Diet "Green peas"
Benefits diet "Green peas"
But as practice shows, green peas, though its not a great size, can play in your life and diet is no small role. Many people shudder to recall the days when torment themselves debilitating diet, which are often based on fasting. Feeling constantly tormenting hunger bad effect on General health and on others, are all annoying and constantly wants to eat and eat I want something delicious and certainly not useful.
This remarkable vegetable is not so simple, it contains protein and fiber, but it is not enough, then the feeling of fullness is still to come, that is not true of other vegetables. Also in this crumb contains complex carbohydrates, but as we know, it takes longer to assimilate, and therefore constant feeling of hunger as the normal diet will not. And in order to clarify our conversation say one thing that there is no need, I'm afraid to buy green peas in banks, buy vegetable instant freezing, the advantages of such a frost that all the vitamins and useful properties will remain with him, and you will receive them in full.
Diet menu with green peas
This "green" diet is calculated for a week (7 days). During this time absolutely no feeling of hunger, you can easily rid yourself and your body from 3-4 unnecessary pounds. During this diet you will be able to choose products from the list for each meal and one main dish at lunch. The interval between meals about 2-3 hours, and it is not advisable to eat before going to sleep, calculate, and this time about 3 hours. Like many other diets, does not include a full lunch, as we all understand, you have Breakfast, during the day, twice bitten, and in the evening a light dinner.
Breakfast (daily for weeks)
1. 30 grams of muesli, one Apple, 12 Cup low fat milk drink.

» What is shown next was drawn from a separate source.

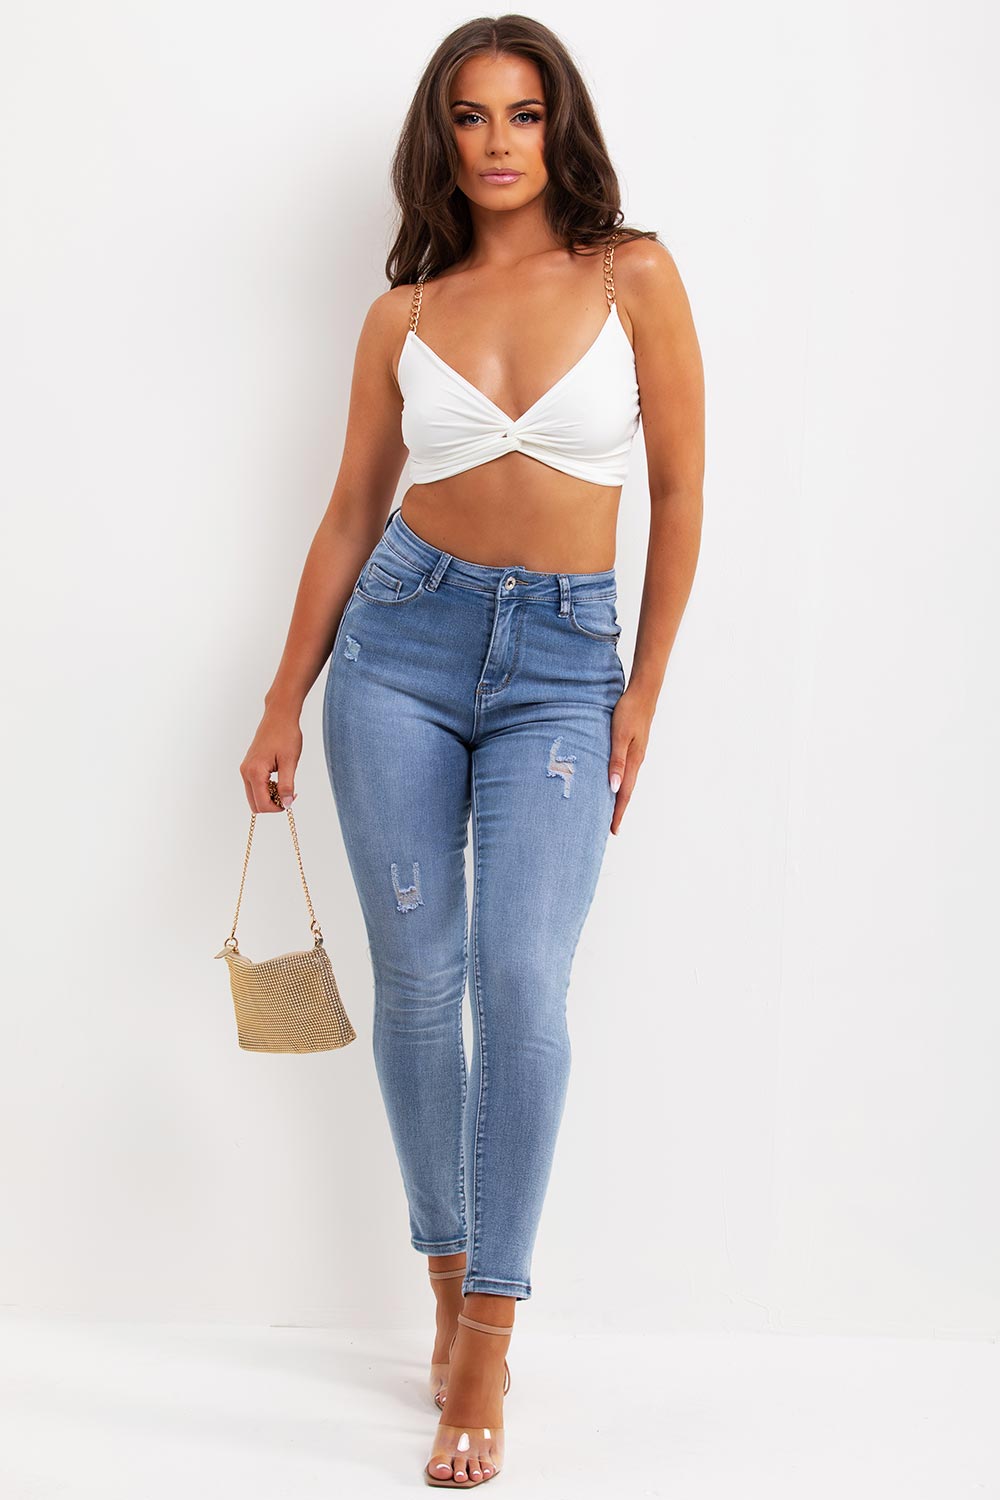 crop top with gold chain straps and knot front

2. Bread with bran, low-fat cottage cheese 30 gram mixed with chopped parsley and dill.
3. One slice of rye bread, 2 tsp jam or honey, 10 grams of butter.
Snack (twice a day)
1. a quarter of a kilogram of plums or 150 grams natural low-fat yogurt.

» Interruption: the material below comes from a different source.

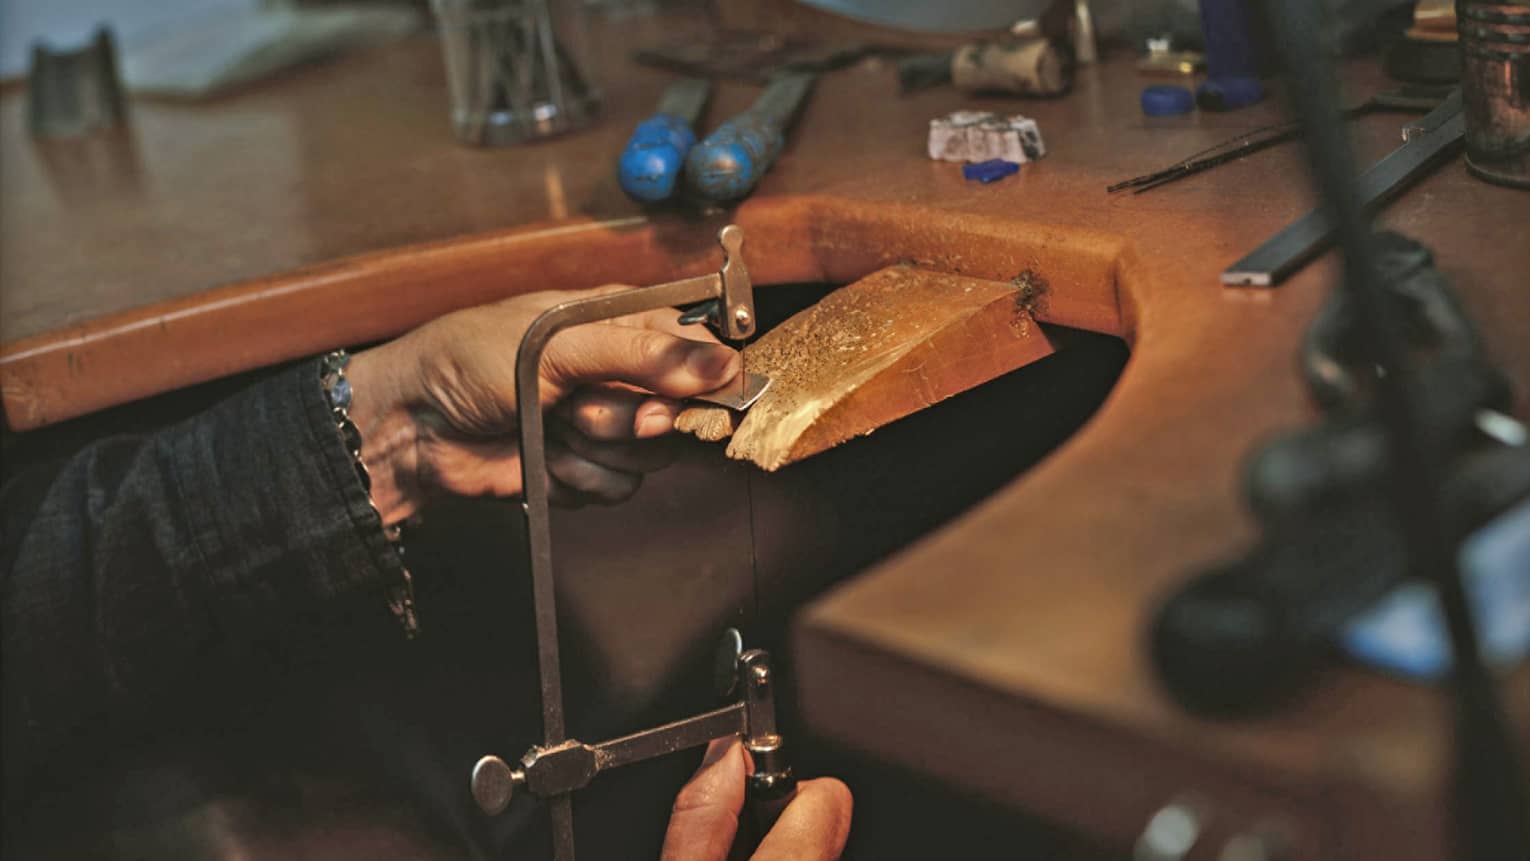 Jeweller's hands adjusting cutting tool to cut jewellery on wooden block

2. A glass of nonfat yogurt, or fresh juice (Apple or orange).
3. 125 grams of grapes, 1 pear.
The evening meal (dinner)
1. A slice of cheese, a slice of bran bread, and unlimited number of radishes
2. Slice of rye bread, salad of fresh apples.
3. Any one main dish.
1. Baked potato 1 piece and 200 grams of green peas.

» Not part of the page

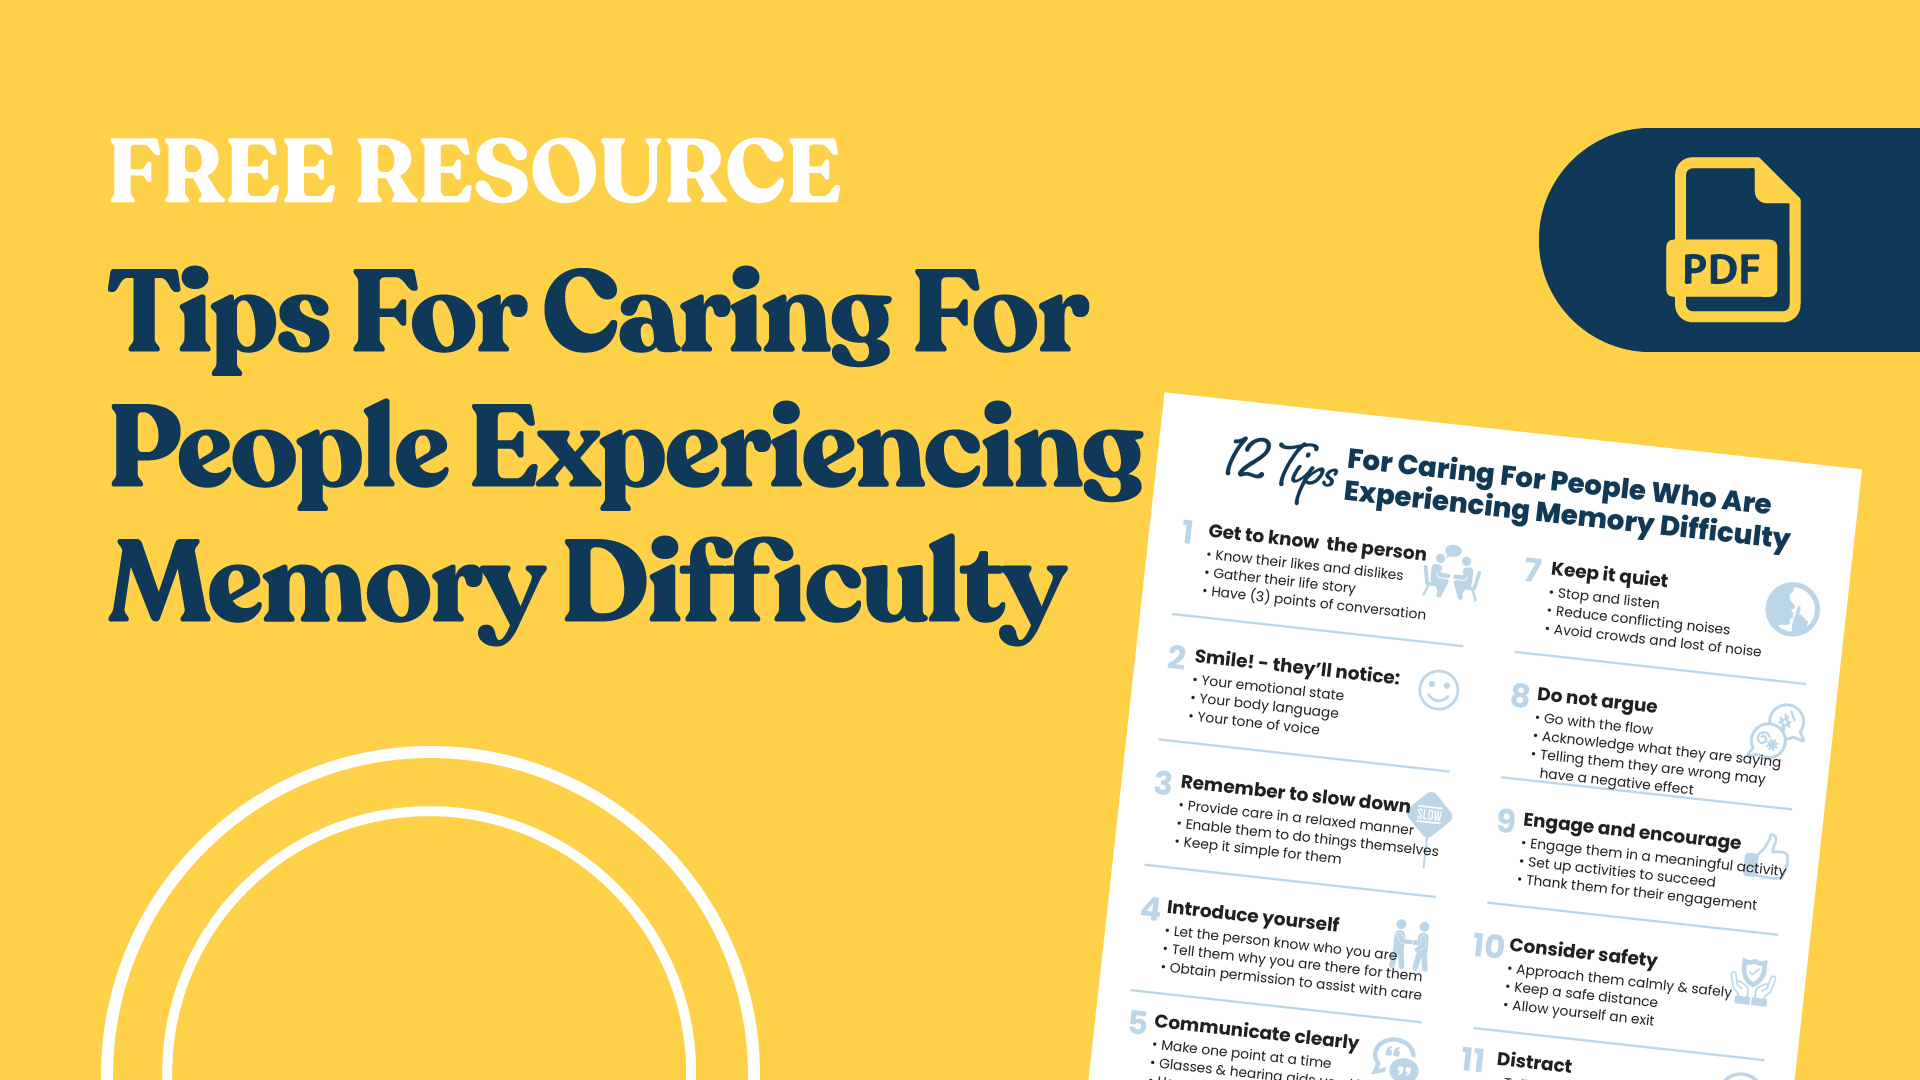 Featured image for Tips For Caring For People Experiencing memory Difficulty blog post

2. Cutlet of beef and 200 grams of green peas.
3. Omelet consisting of 3 proteins and 2 egg yolks with green peas.
4. Soup of any non-starch vegetables with green peas.
5. Cream soup of green peas with the addition of mushrooms.
6. Boiled rice and green peas (in the ratio of 100 to 100).
7. Corn and peas (100 100) mixed with yogurt (fat content of not more than 2.5%) and parsley or dill.
also kindly requested to limit yourself to such a drink as coffee, but if it is so needed, it is better to confine light its versions (two servings daily espresso or Americano). Well, the normal daily fluid intake you have to increase almost up to two liters and more efficient, if it's just pure water, not mineral. Add fresh lemon or lime the citrus fruits contain essential vitamins and are easy help in your efforts to lose weight.
since our diet is only a week particular a lack of vitamins you will not feel, but for your peace of mind we recommend to drink vitamin E.
one of the benefits of a "green diet" is the fact that you can exercise without harm to slimming the body, physical activity remains at normal level.
As any other side of the coin, so here is the flip side is minus, but it all depends on what diet you had before this diet. The most significant disadvantage is bloat, but only if your previous diet was, or protein, or poor in fruits and vegetables, in General, these unpleasant sensations are on the third or fourth day of the diet.
it is Necessary to remember that any diet should be agreed with your doctor.